_The problem:_
Copy the closing run of lines, from the one with "Camiseta negra con" through the last line of the listing, exactly and without any pictures.

_Available data:_
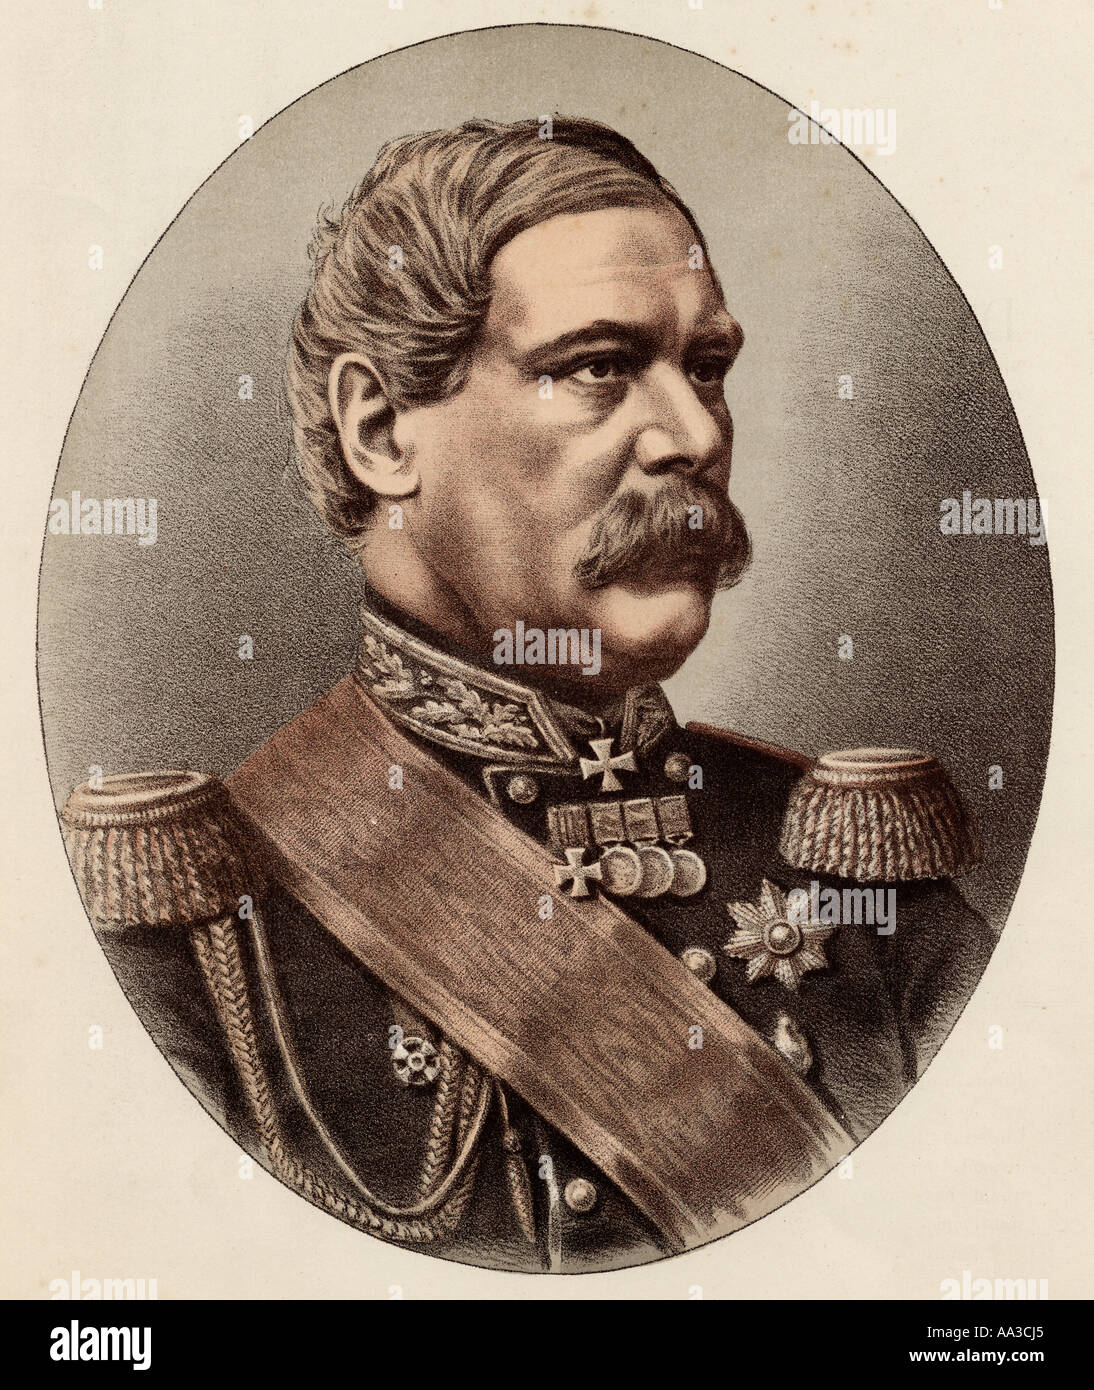 Franz Eduard Graff von Tottleben, alias General Francis Edward Todleben, 1818-1884er. Baltischer deutscher Militäringenieur und Kaiserlich russischer Armeegeneral Stockfoto
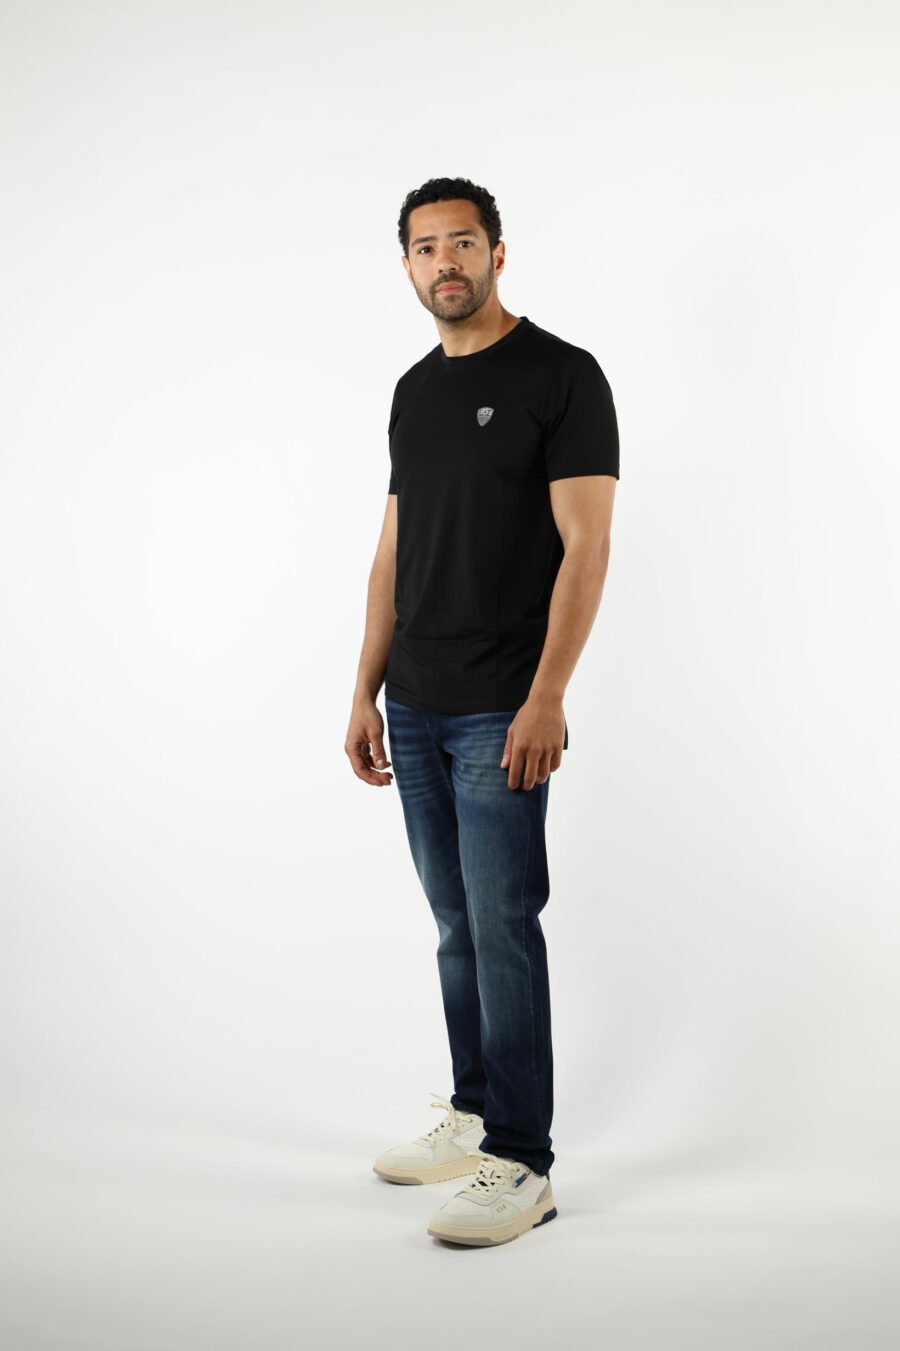 Camiseta negra con minilogo "lux identity" escudo - 110836
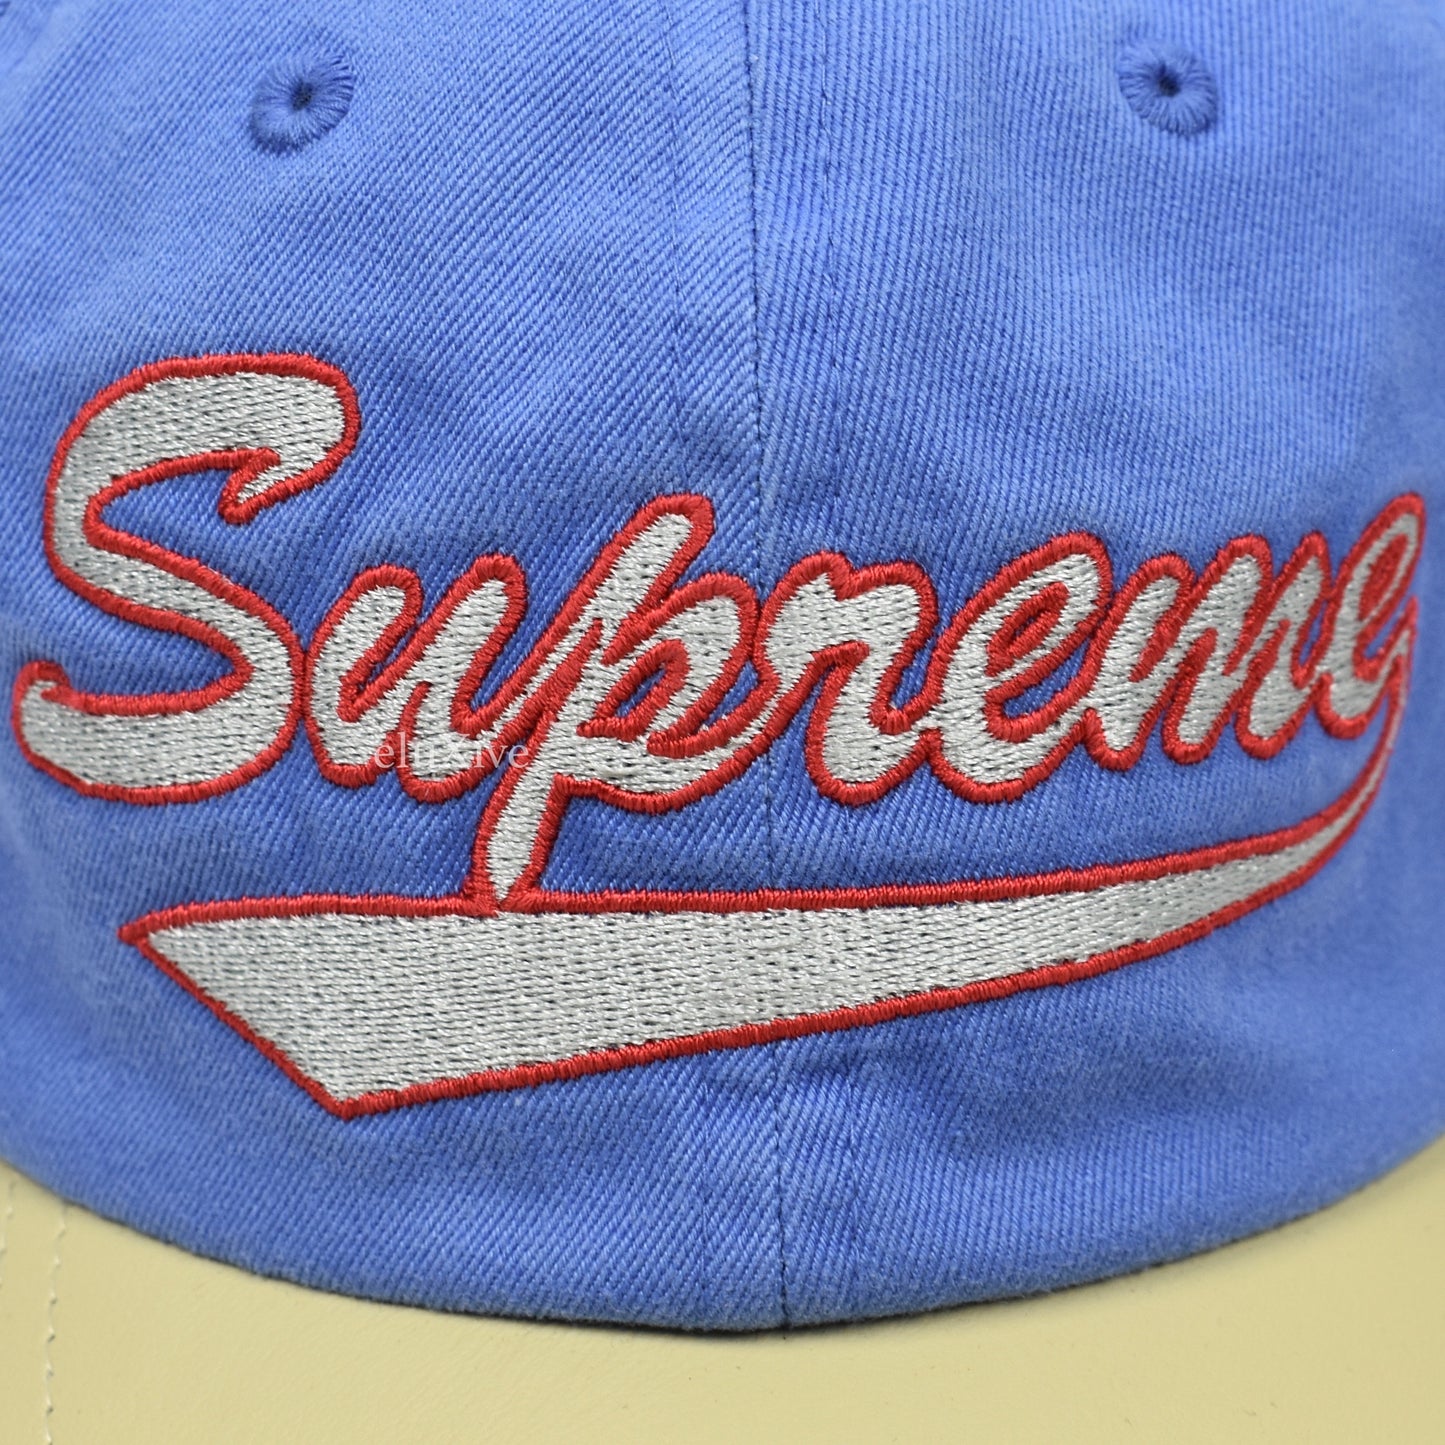 Supreme - Leather Visor 6-Panel Hat (Light Blue)

_Expected output:_
 Camiseta negra con minilogo "lux identity" escudo - 110836
 Supreme - Leather Visor 6-Panel Hat (Light Blue)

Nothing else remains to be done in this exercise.